GIVEN DATA:
□ □ □ □ □ □ □

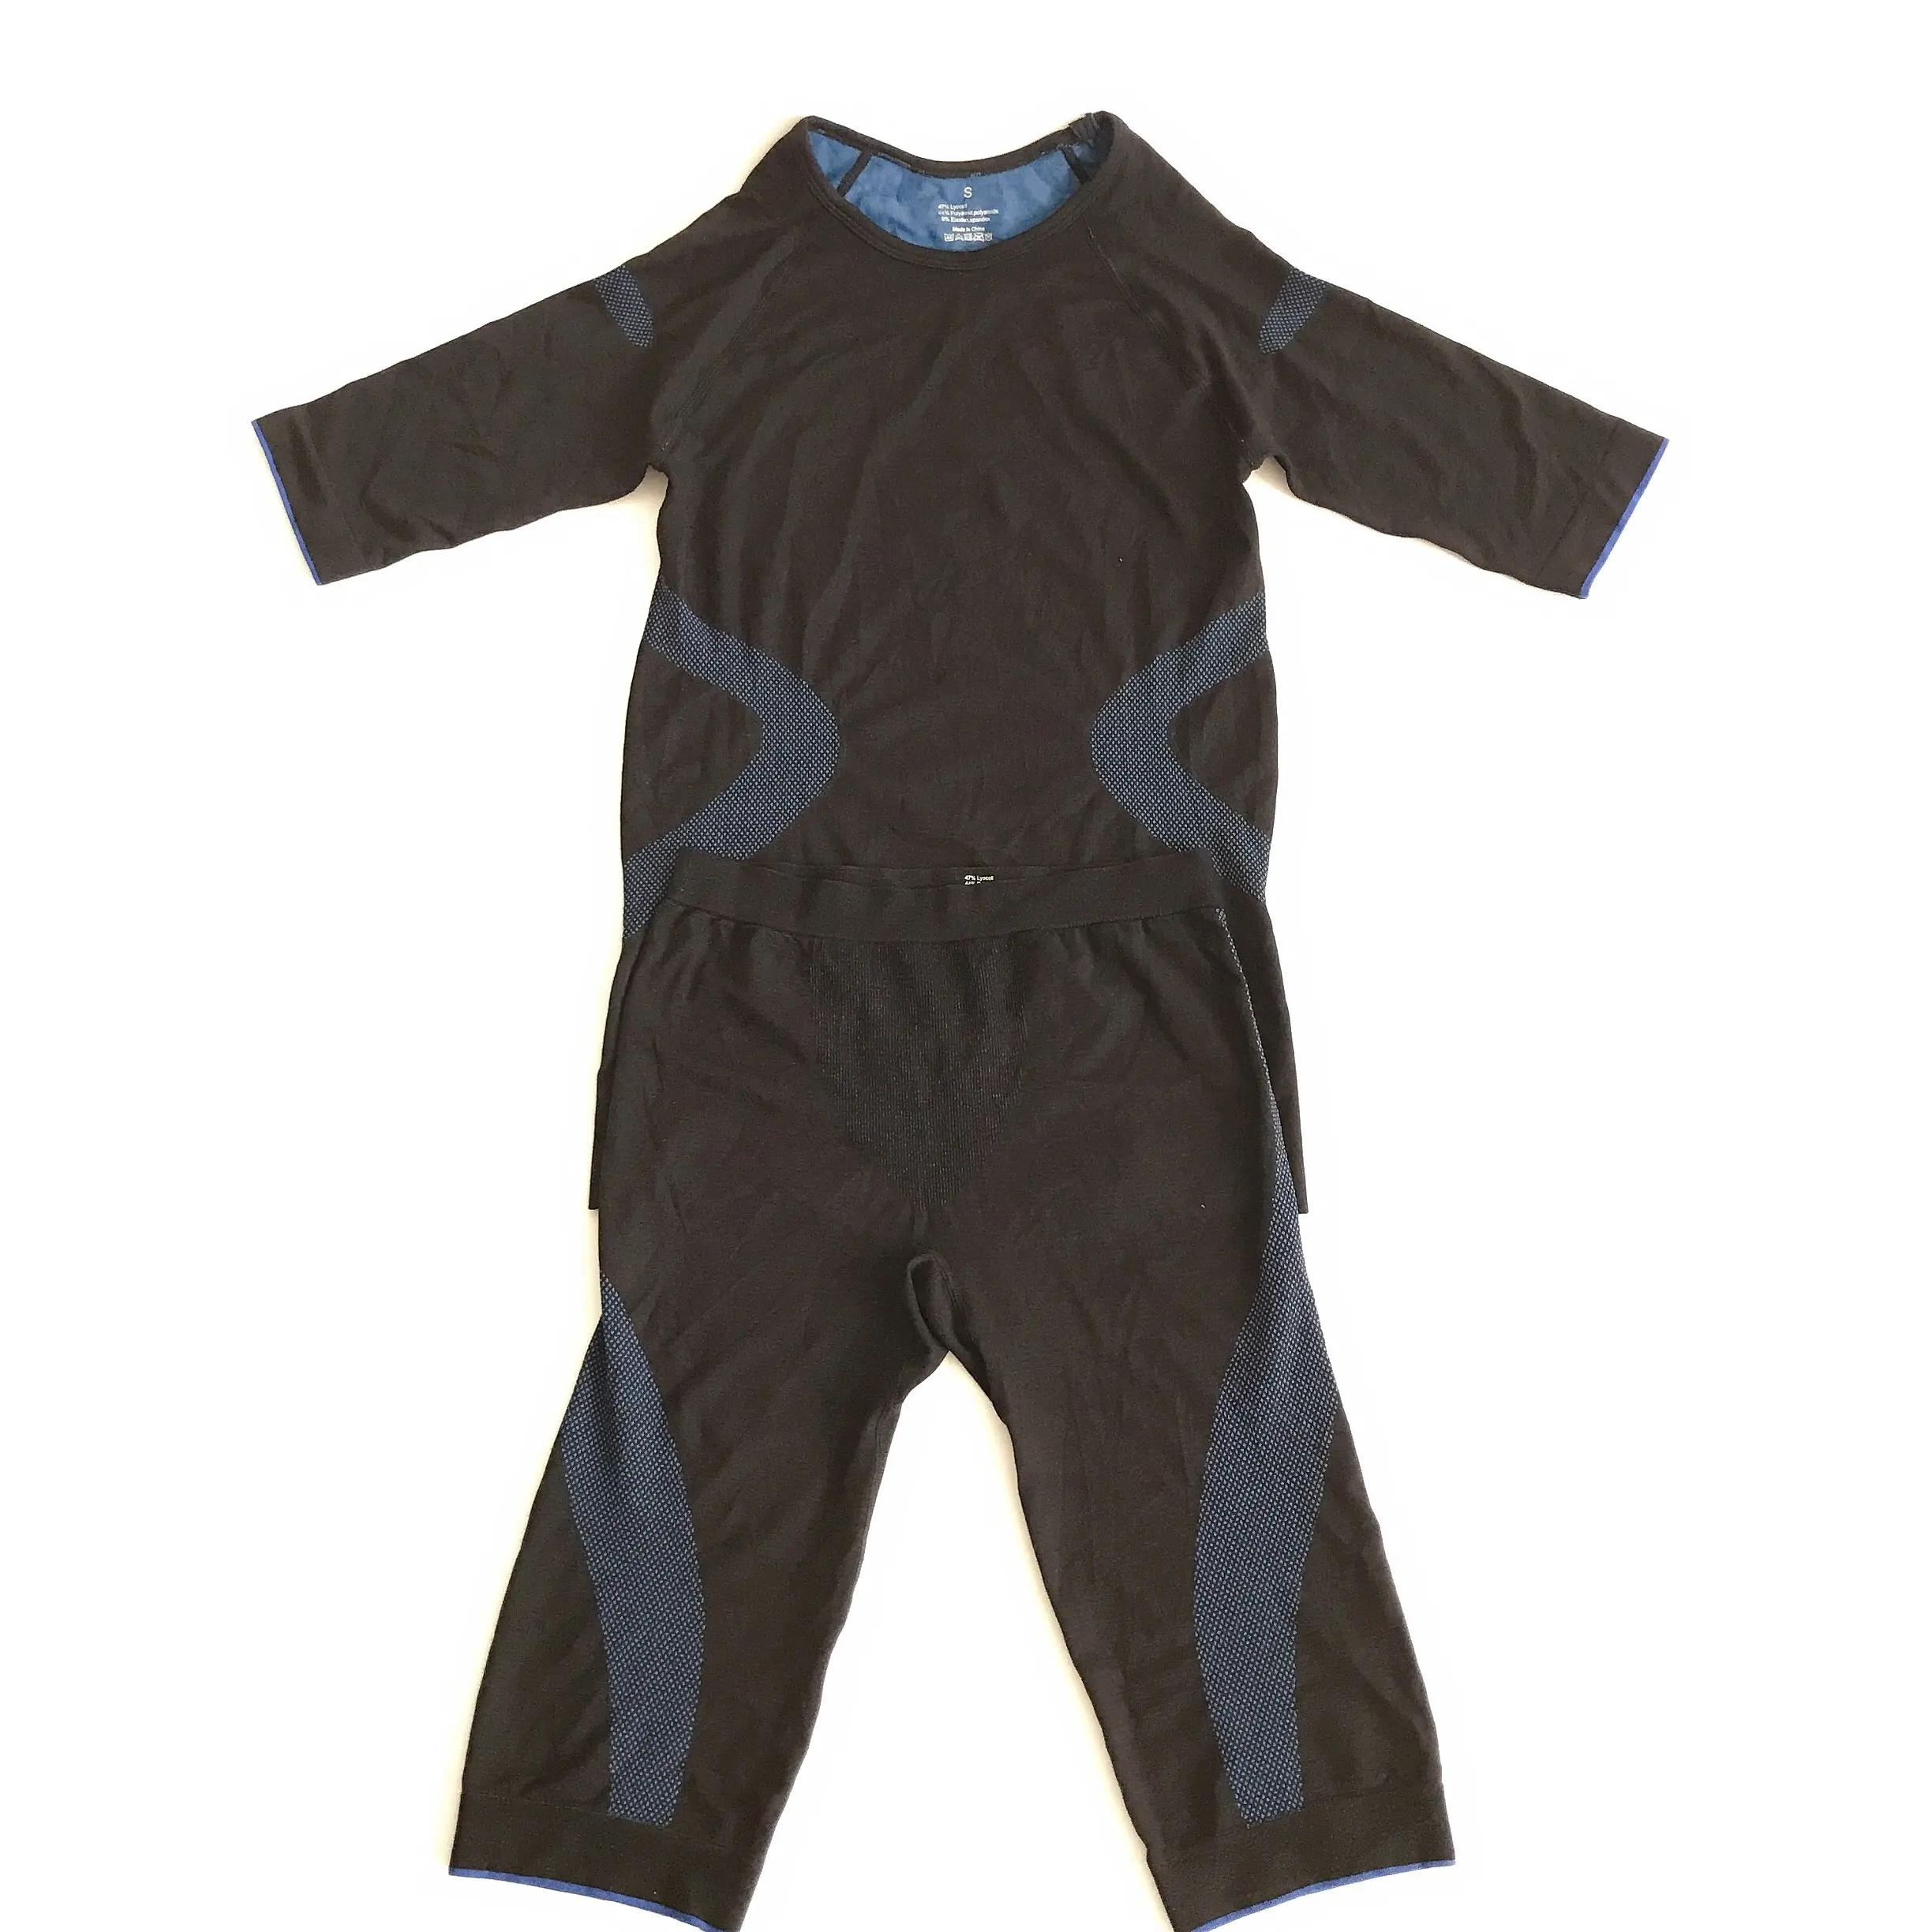 Blue&Black X Body Ems Training Suits Wireless Ems Suit Xbody Ems Suit
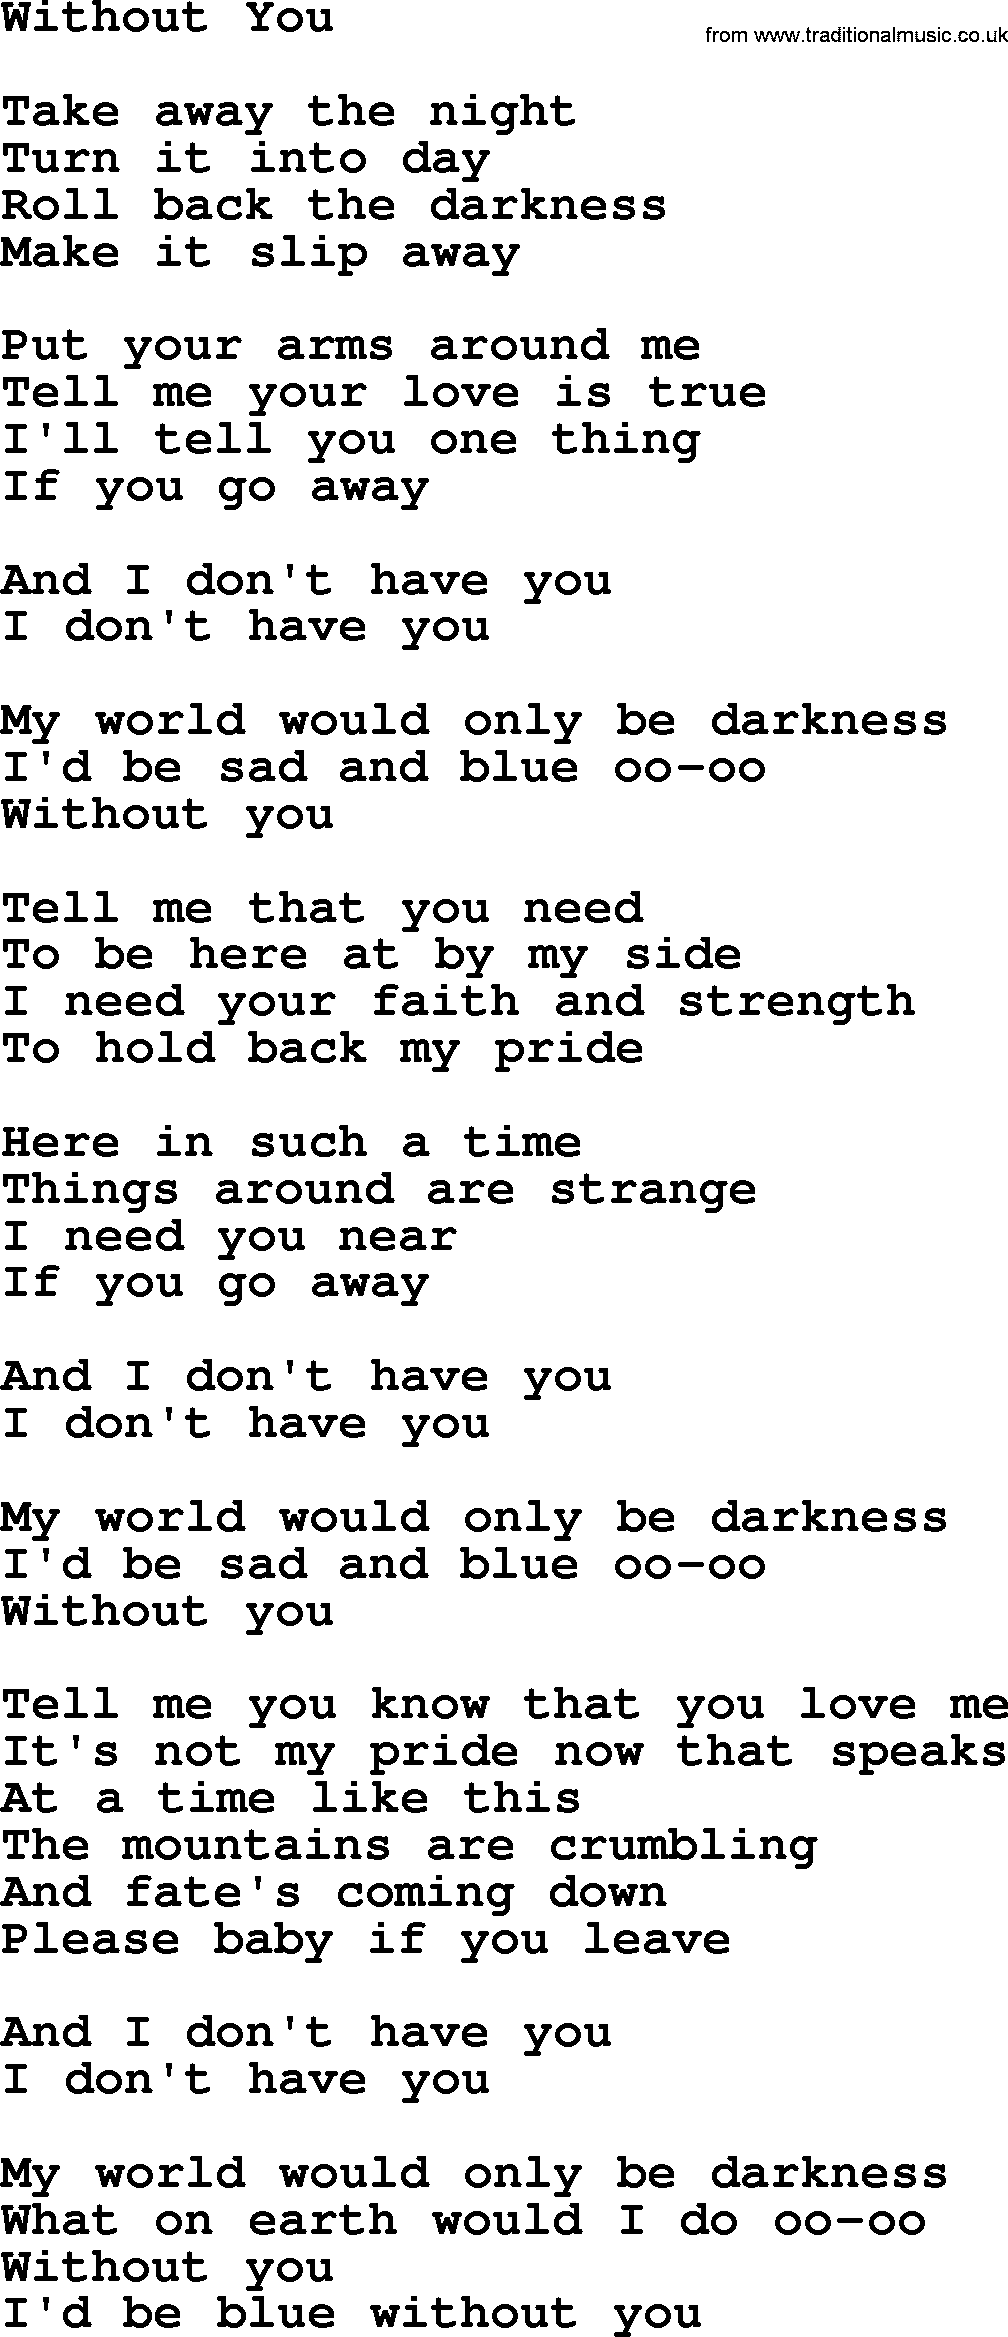 The Byrds song Without You, lyrics
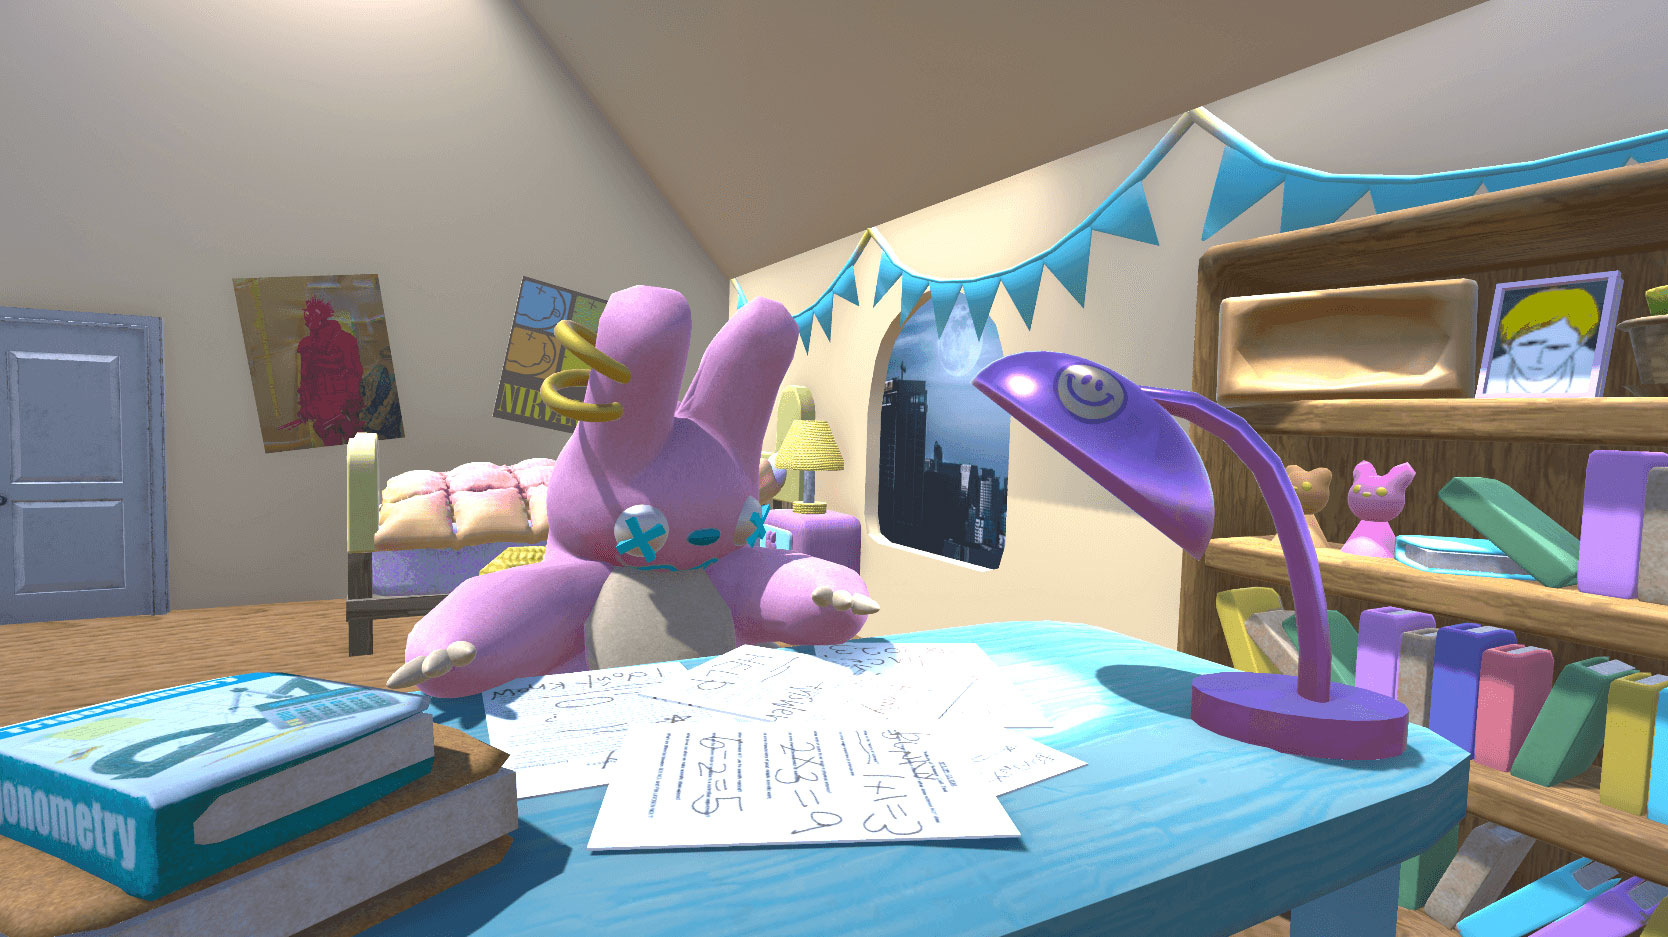 Cozy room with a pink plush bunny sitting at a desk, surrounded by books, papers with math equations, and a purple lamp with a smiley face.

□ □ □ □ □ □ □

WHAT TO PRODUCE: Every line above is to be given again exactly, apart from the pictures.

SOLUTION:
 Blue&Black X Body Ems Training Suits Wireless Ems Suit Xbody Ems Suit
 The Byrds song Without You, lyrics
 Cozy room with a pink plush bunny sitting at a desk, surrounded by books, papers with math equations, and a purple lamp with a smiley face.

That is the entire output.